Nach der Schule studierte ich. In der Firma, in der ich nach dem Studium eintrat, stieg ich schnell auf. Viele aus unserem Dorf waren sehr erfolgreich.
Vor ein paar Monaten traf ich Mike wieder, auch er verbrachte seinen Urlaub in der alten Heimat. Er hatte einen guten Posten in einer Firma die Werkzeuge zur Holzbearbeitung herstellte.
"Wir müssen die Feen retten," sagte er zu mir. "Alle aus dem Dorf freuen sich, wen sie sie sehen. Sie bringen uns Glück. Wenn mehr von ihnen da sind, wird es unserem Dorf bestimmt besser gehen."
"Was willst du machen?," fragte ich ihn.
"In einem halben Jahr hab ich wieder Urlaub. Dann bring ich mal ein paar 'Muster' aus meiner Firma mit. Damit kriegen wir den Baum bestimmt klein. Du hilfst mir doch dabei?"
Ich nickte nur.
So haben wir uns vor knapp zwei Wochen wiedergetroffen. Mike hatte auf seinem Kleintransporter tatsächlich Motorsägen in verschiedenen Größen mitgebracht. Aber auf dem schmalen Pfaden kamen wir mit dem Wagen nicht weit. Also luden wir uns jeder eine Säge auf die Schultern und machten uns zu Fuß auf den Weg zum Baum.
Der Wald hatte sich in den vierzig Jahren kaum verändert. Ich glaubte an einigen Stellen sogar unsere bunten Steine zu sehen.
Aber diesmal kam mir der Weg viel kürzer vor. Ob das an unseren längeren Beinen lag? Am Rand der Lichtung machten wir eine Pause. Die Motorsägen waren doch sehr schwer. Mike schien weniger erschöpft wie ich. Aber schließlich arbeitete ich in einem Büro und er arbeitete, trotz seiner guten Position, auch körperlich.
Nach der kurzen Rast starteten wir die Motorsägen und machten uns an die Arbeit. Hatte der Baum gezittert? Das war bestimmt nur ein Windstoß. Es ging leichter als erwartet, der Baum war zum größten Teil hohl und bot keinen großen Widerstand.
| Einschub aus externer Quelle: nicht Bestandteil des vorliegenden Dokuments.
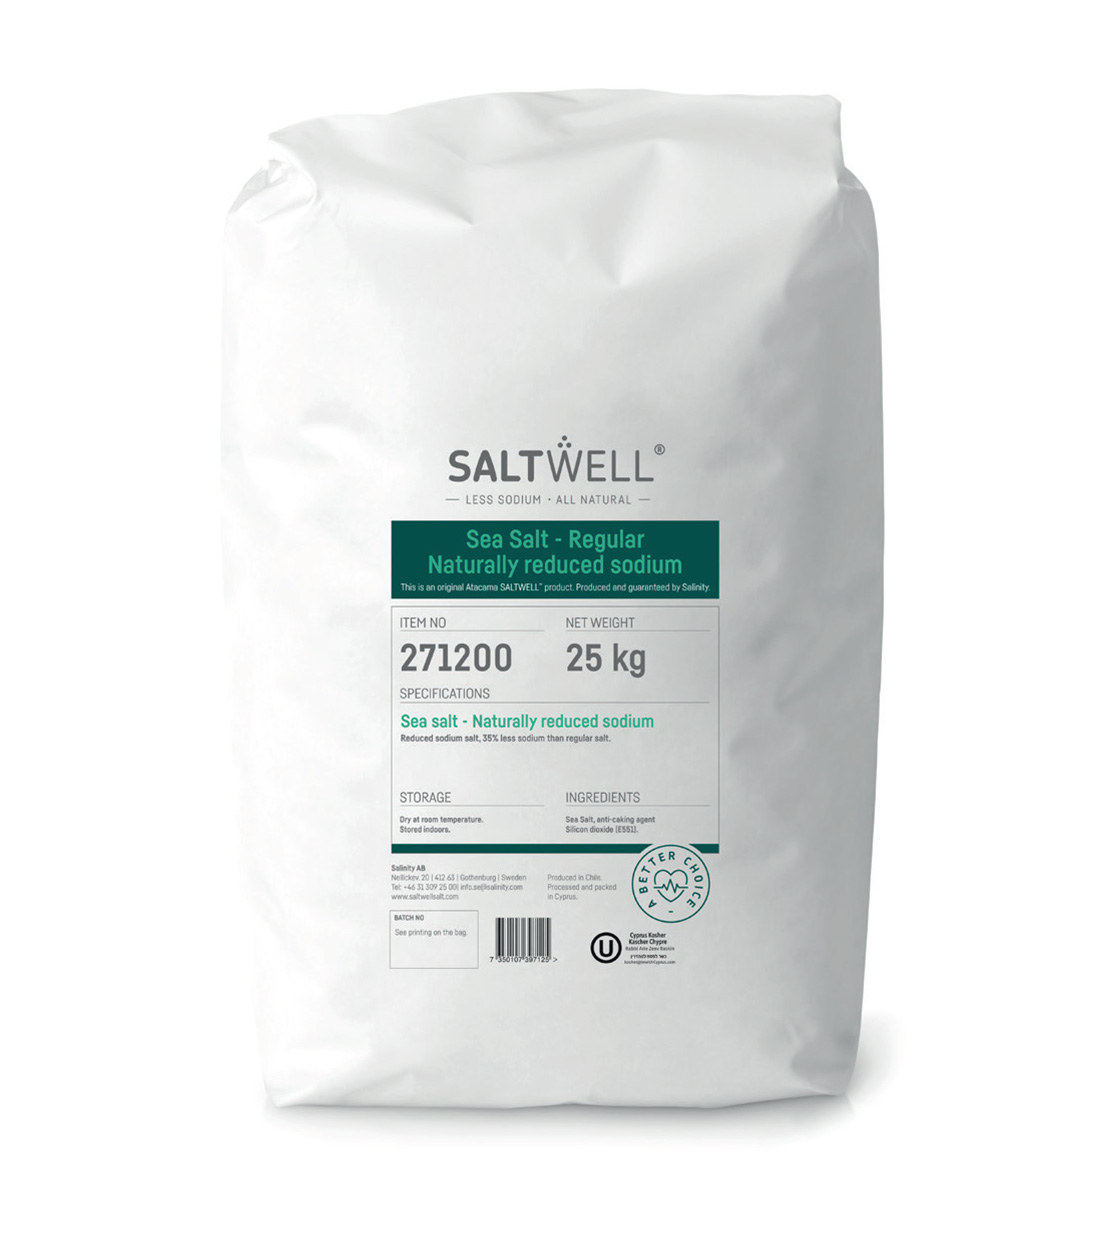 https://www.ingredientsnetwork.com/47/product/125/01/47/saltwell-regular-25kg-product-image.jpg

Stolz, die Feen gerettet zu haben, kehrten wir ins Dorf zurück. Schon zwei Tage später kam ein Schwarm Feen in unser Dorf. Alle freuten sich über den Anblick.
Doch jetzt weis ich, dass wir einen großen Fehler gemacht haben. Die Feen vermehrten sich sehr schnell. Schon nach einer Woche waren die Schwärme im Dorf nicht mehr zu zählen. Dann geschah es: Wir hörten das Schmerzgeheul eines Hundes. Wenig später fanden wir ihn, bis auf die Knochen abgenagt. Jeder fragte sich, wie das passieren konnte. Dann wurde einer der Alten von den Feen angegriffen. Sie bissen ihn, rissen ihn Stücke aus Haut und Fleisch, sie fraßen ihn bei lebendigem Leib auf, und das mitten auf der Straße. Andere, die helfen wollten, wurden ebenfalls angegriffen.
Jetzt haben sich alle in die Häuser geflüchtet. Die Luft vor den Häusern scheint nur noch aus den kleinen Monstern zu bestehen.
Sie werfen sich immer wieder gegen die Fenster. Wie lange wird das Glas dem Dauerfeuer noch standhalten?
Ich sitze hier und schreibe diese Zeilen, obwohl ich nicht weis, ob sie jemals gelesen werden.